Today's post is on The Book Thief by Markus Zusak. It is 550 pages long and is published by Alfred A. Knopf. The cover is brown with dominoes on it. The story is told from the first person perspective of the narrator Death. The intended reader is young adult or someone interested in World War Two fiction. There is foul language, no sex, and violence in this book. There Be Spoilers Ahead.
From the back of the book- It’s just a small story really, about among other things: a girl, some words, an accordionist, some fanatical Germans, a Jewish fist-fighter, and quite a lot of thievery. . .
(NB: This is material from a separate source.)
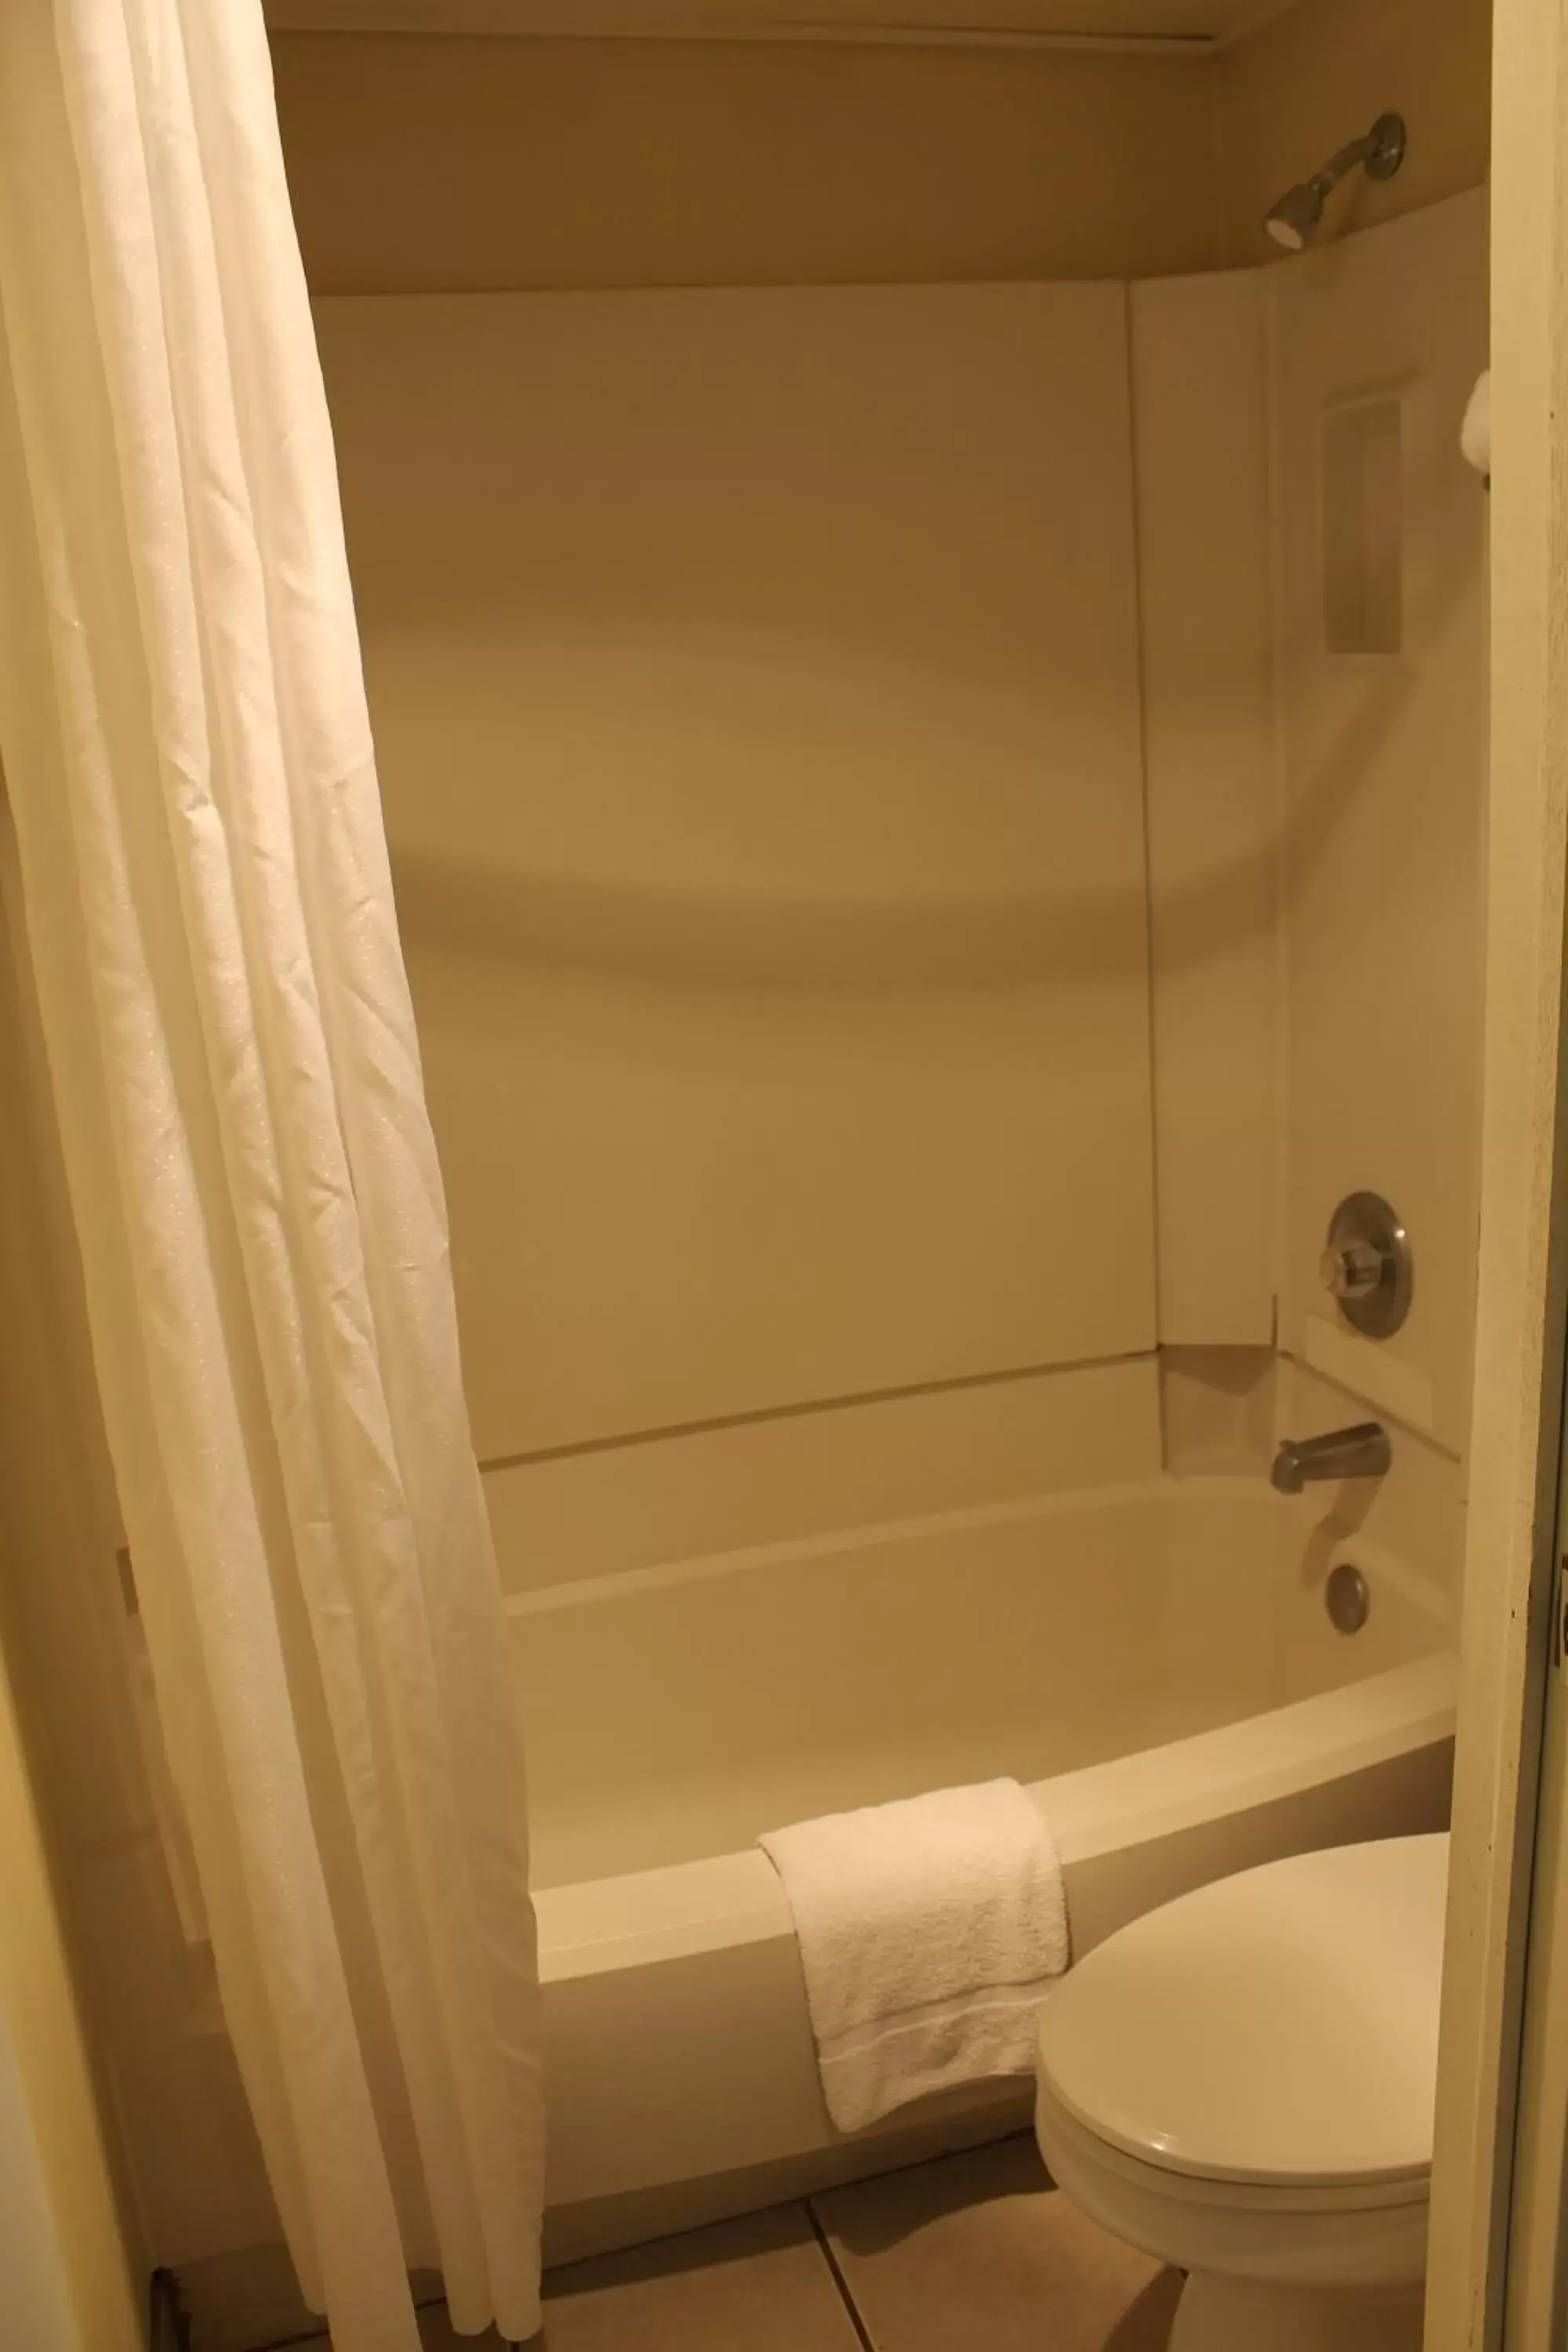 Bathroom in Wyatt Earp Hotel

Set during World War II in Germany, Markus Zusak’s groundbreaking new novel is the story of Liesel Meminger, a foster girl living outside of Munich. Liesel scratches out a meager existence for herself by stealing when she encounters something she can’t resist–books. With the help of her accordion-playing foster father, she learns to read and shares her stolen books with her neighbors during bombing raids as well as with the Jewish man hidden in her basement before he is marched to Dachau.
This is an unforgettable story about the ability of books to feed the soul.
Review- An interesting book about a terrible subject. Having Death as a narrator is always an interesting choice and this book does it well. Zusak talks about a subject that could very easily be overwhelming and too hard for the intended audience but he handles it well. Liesel is a good main character and most of the main cast are interesting and sympathetic. Of course when you have Death as the narrator you know that it is not going to end well. Most of the cast dies and Zusak does not sugar coat it. He does not make anything about this book or subject easy but it is worth reading.
I give this book a Five out of Five stars. I get nothing for my review and I borrowed this book from my local library.